**Work task**: Repeat the whole listing word for word, skipping pictures.

**Data below**:
■ ■ ■ ■ ■

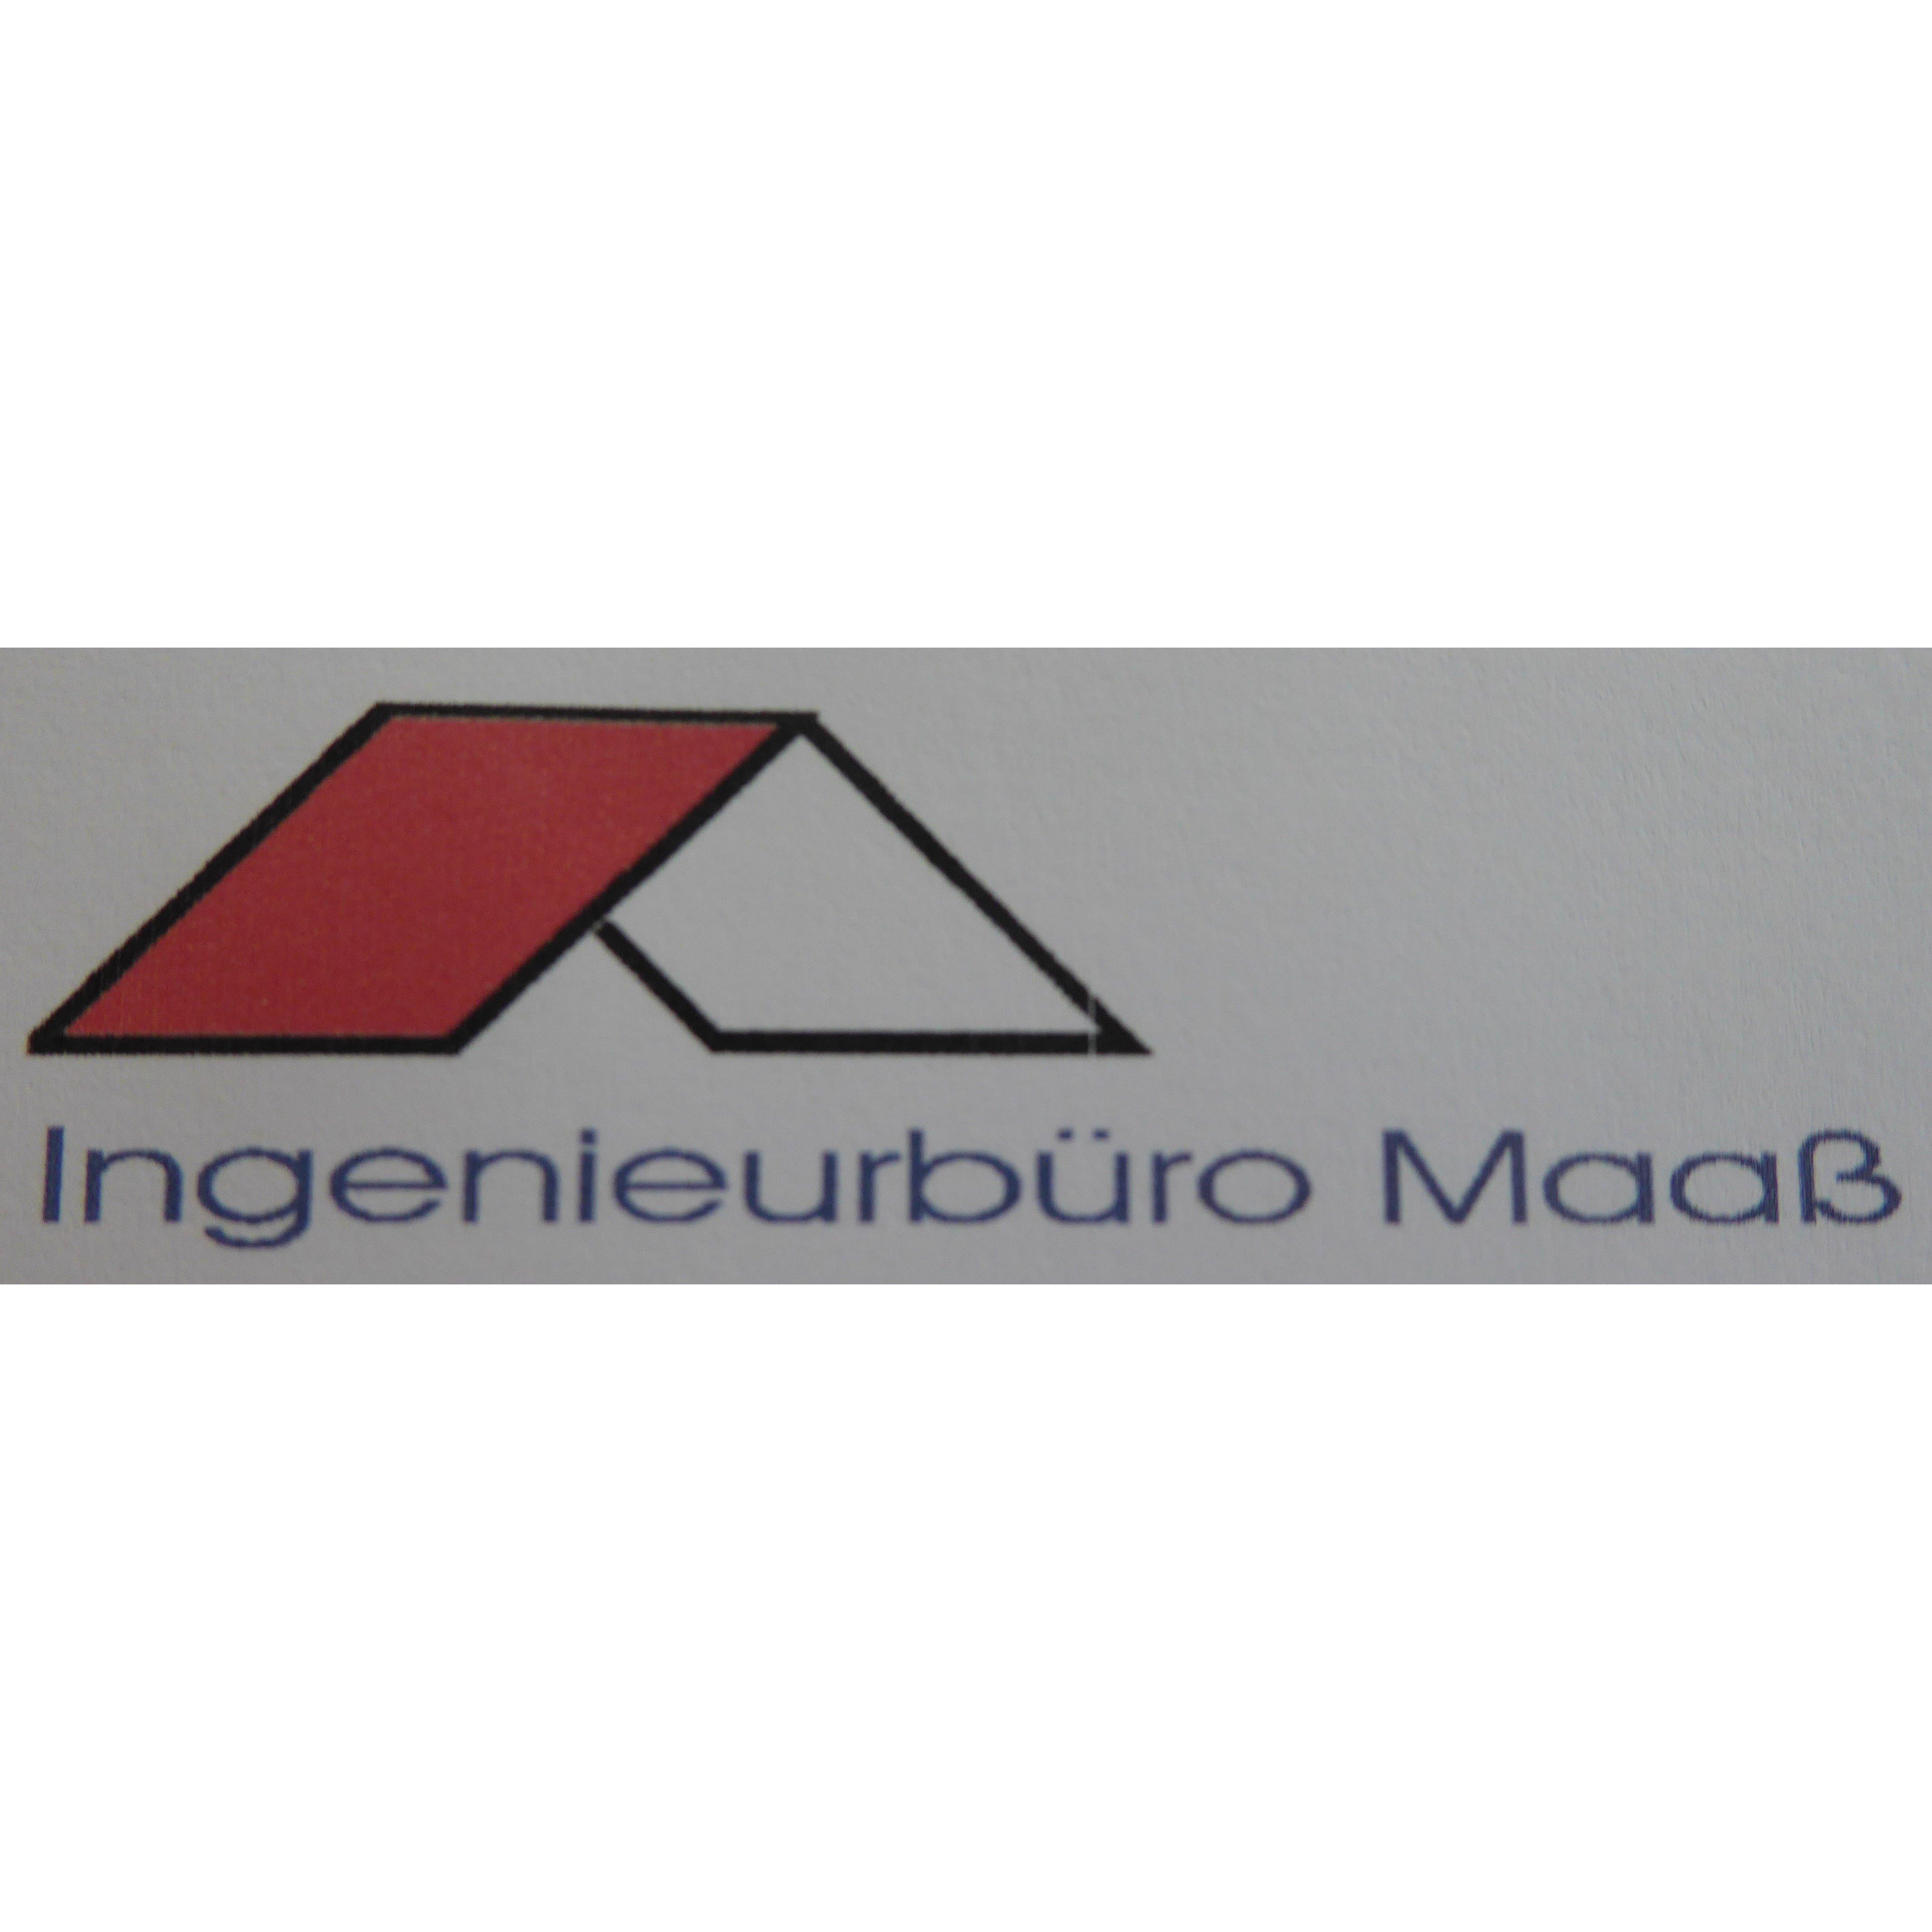 Bild zu Ingenieurbüro Maaß Dipl.-Ing. Regina Maaß in Schwerin in Mecklenburg
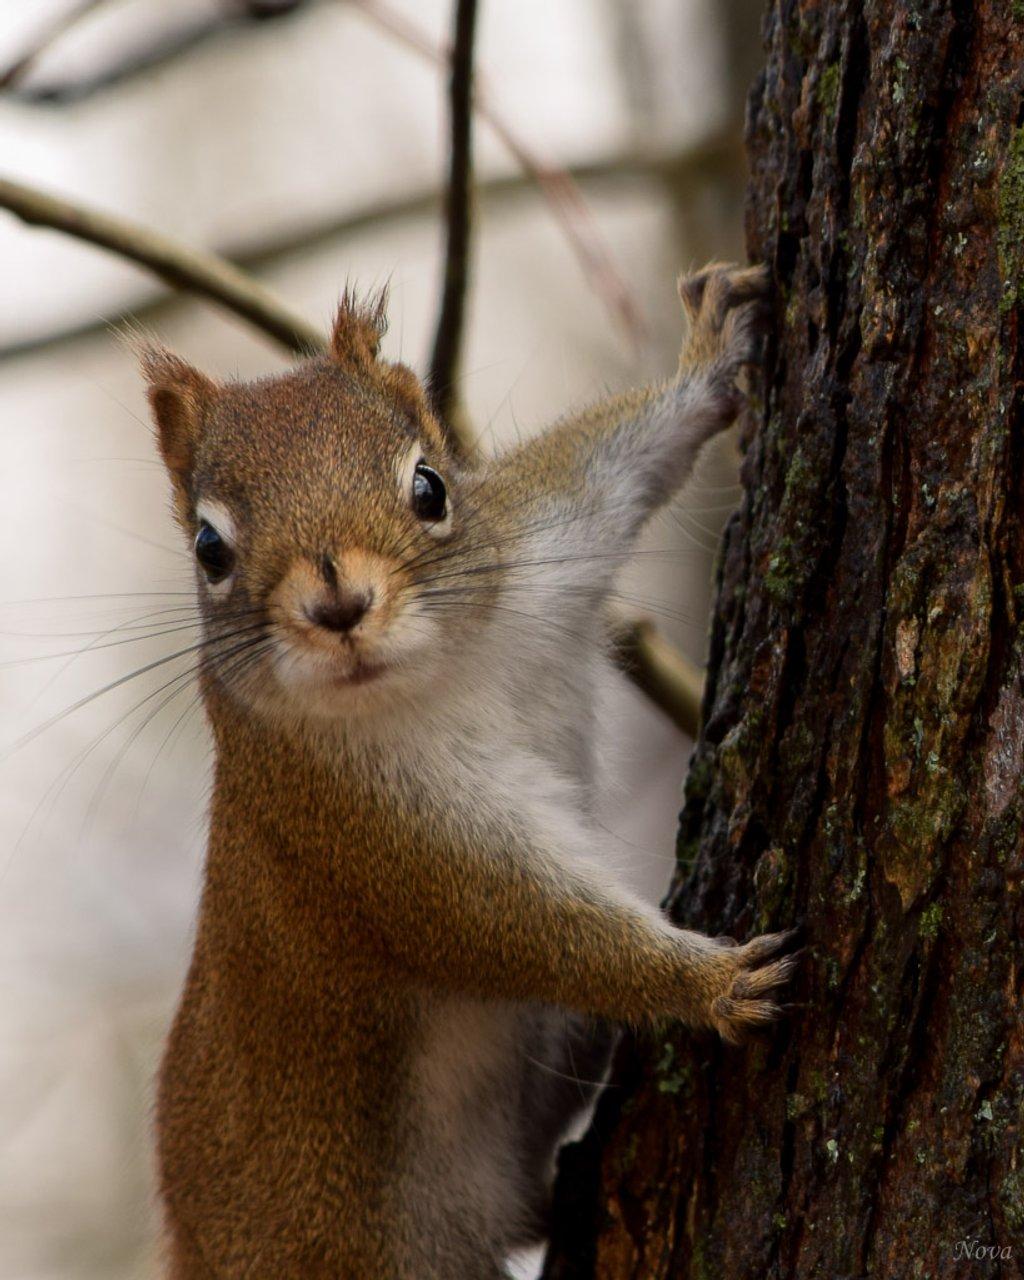 Squirrel by novab
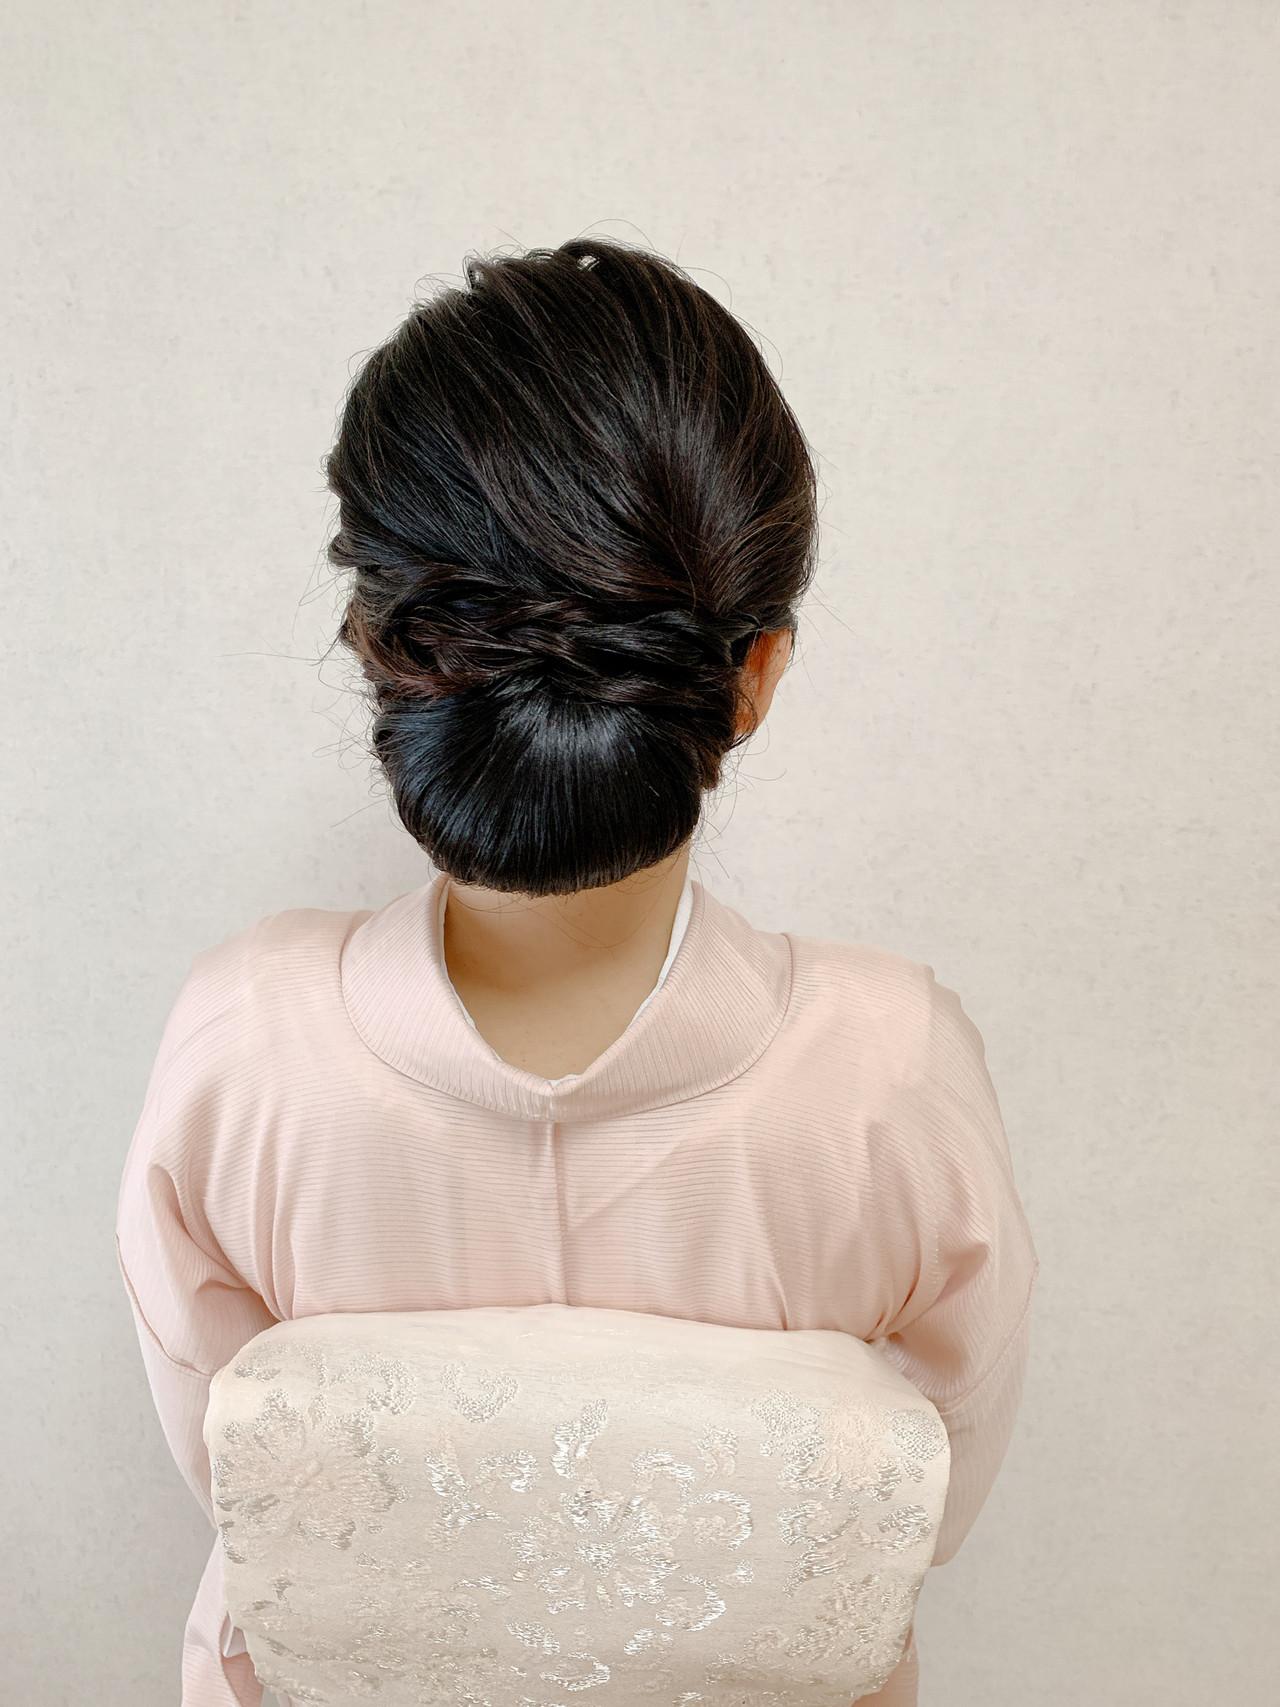 ヘアアレンジ ロング 結婚式 結婚式髪型 ヘアスタイルや髪型の写真・画像

■ ■ ■ ■ ■

**Written reply**:
 Bild zu Ingenieurbüro Maaß Dipl.-Ing. Regina Maaß in Schwerin in Mecklenburg
 Squirrel by novab
 ヘアアレンジ ロング 結婚式 結婚式髪型 ヘアスタイルや髪型の写真・画像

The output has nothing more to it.